Seriously, I have no idea why that made me misty, but it really did.
So congratulations to Ernie & Cindy. They made mistakes. They got really lucky last week. But they ran a flawless Final Leg and deserved to win what otherwise wasn’t a great “Amazing Race” season.
A few other thoughts on Sunday’s finale:
*** Did you know Marcus used to play football? It’s almost like as the Race progressed and he got more and more exhausted, he lost the ability to speak without sports metaphor, repeatedly calling this his Super Bowl and observing things like “We’re playing at home and the ball is on the 10 yard line and we have four plays to get it in.” That being said, I really liked the way Marcus & Amani ran the Race and I look forward to talking Colts and Andrew Luck with Marcus tomorrow.

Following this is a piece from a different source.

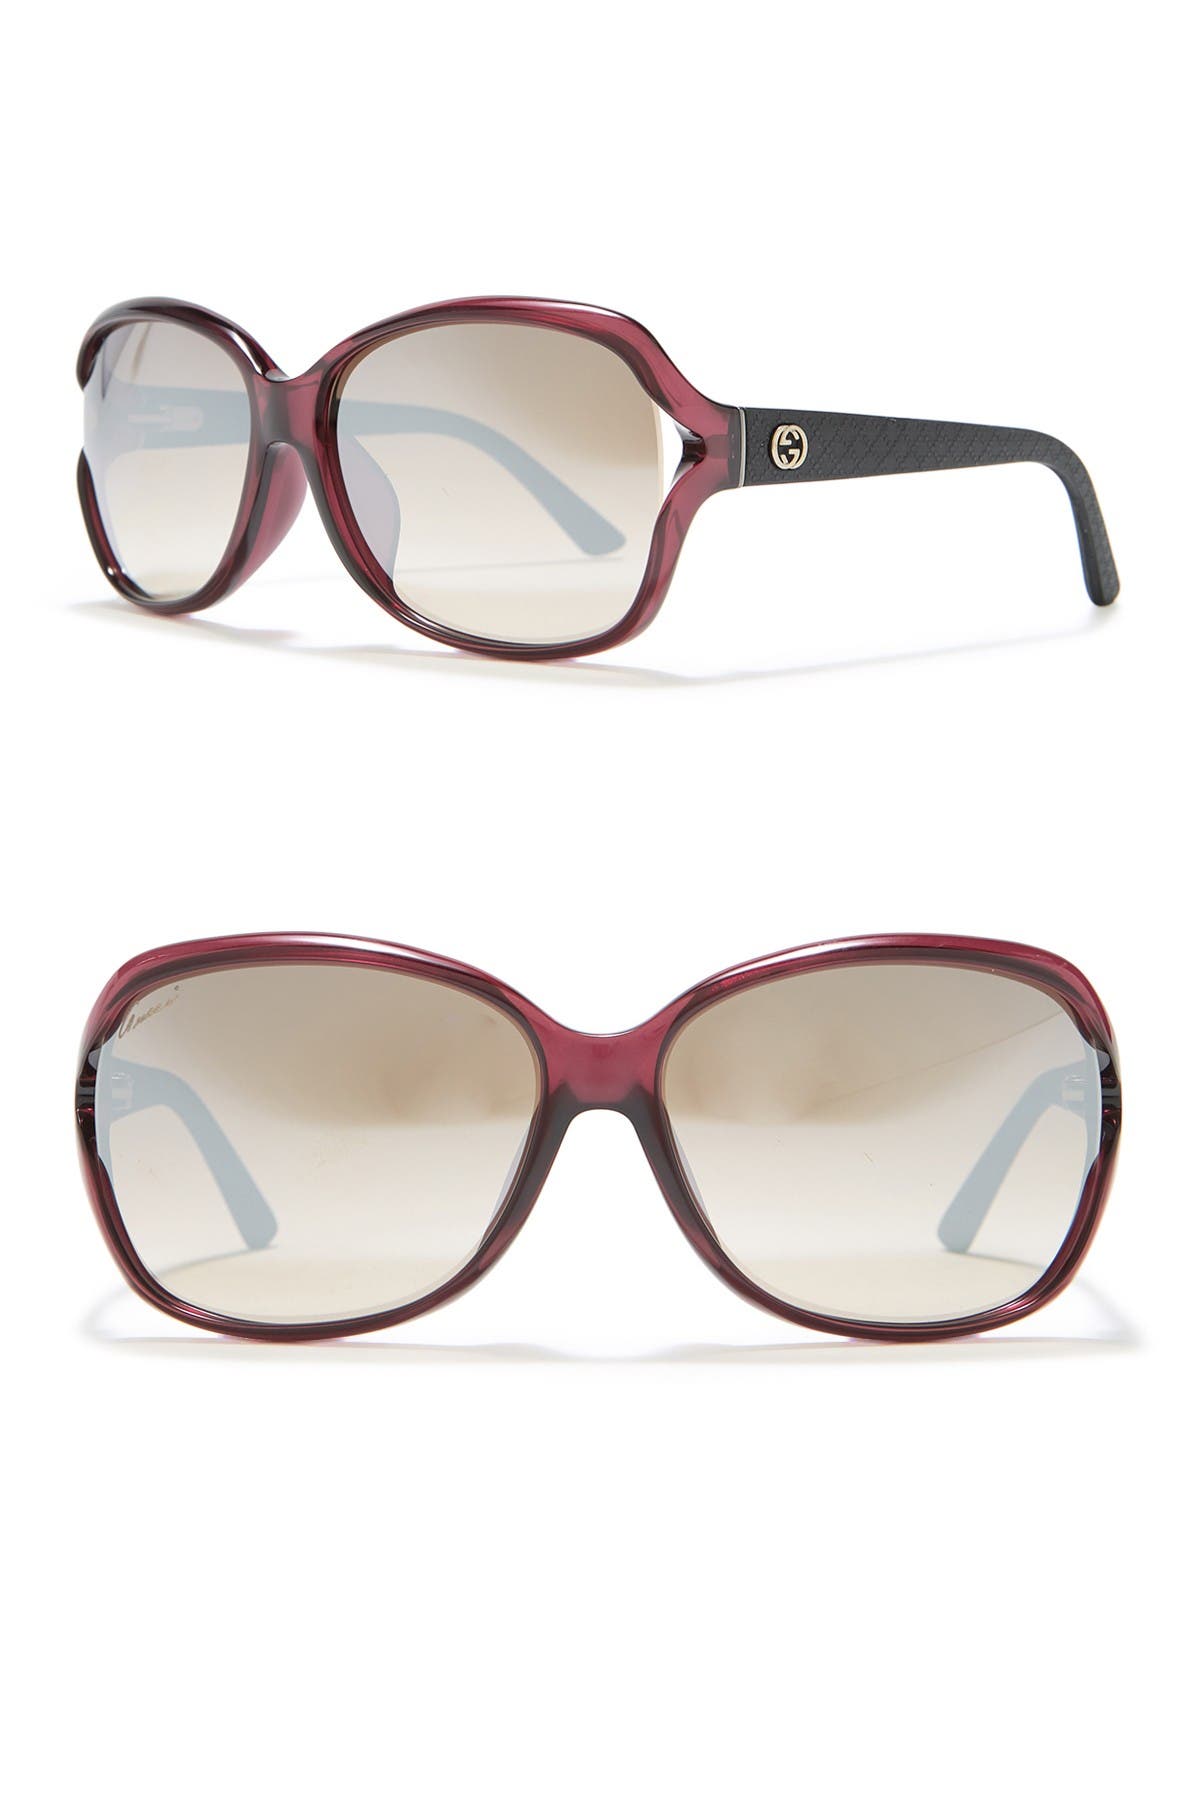 Gucci 61mm Round Sunglasses In Assorted

*** Marcus loved the sports metaphors, but perhaps why I liked best about Amani was how tolerant she was all season. After the disastrous flight simulator experience, Marcus grumbled, “I feel like that was a pass in the end-zone I dropped.” And Amani replied, “I still would have thrown you the pass if you were in the end-zone. You’d have been my target.” Seriously, y’all. AWWW.
*** So yeah… Gender roles. Men fly planes. Women are supposed to type. I don’t know how that’s where the finale took us. It was a little awkward. And somewhere Laurence was watching going, “See? I told you!”
*** Don’t we usually hear Race summations from more than one previously eliminated team at the last Pit Stop? Tonight, only the Snowboarders outside of the Top Three got to say what The Race meant to them.
*** Yeah. Lackluster season. Too many Non-Elimination Legs too early. Too many bland, copacetic couples. Too many bland, copacetic couples who, predictably, got along too well. This season fell short on both the conflict between teams and the conflict within teams. Conflict equals drama and that meant that this was an “Amazing Race” season with very little drama. That’s basically a product of casting and sometimes “The Amazing Race” is marvelously cast and other times? Season 19. It wasn’t awful TV. It just wasn’t the kind of season we hope for from an Emmy-winning juggernaut.
What’d you think of the finale? What’d you think of this season’s results? And, as a whole, what’d you think of this season?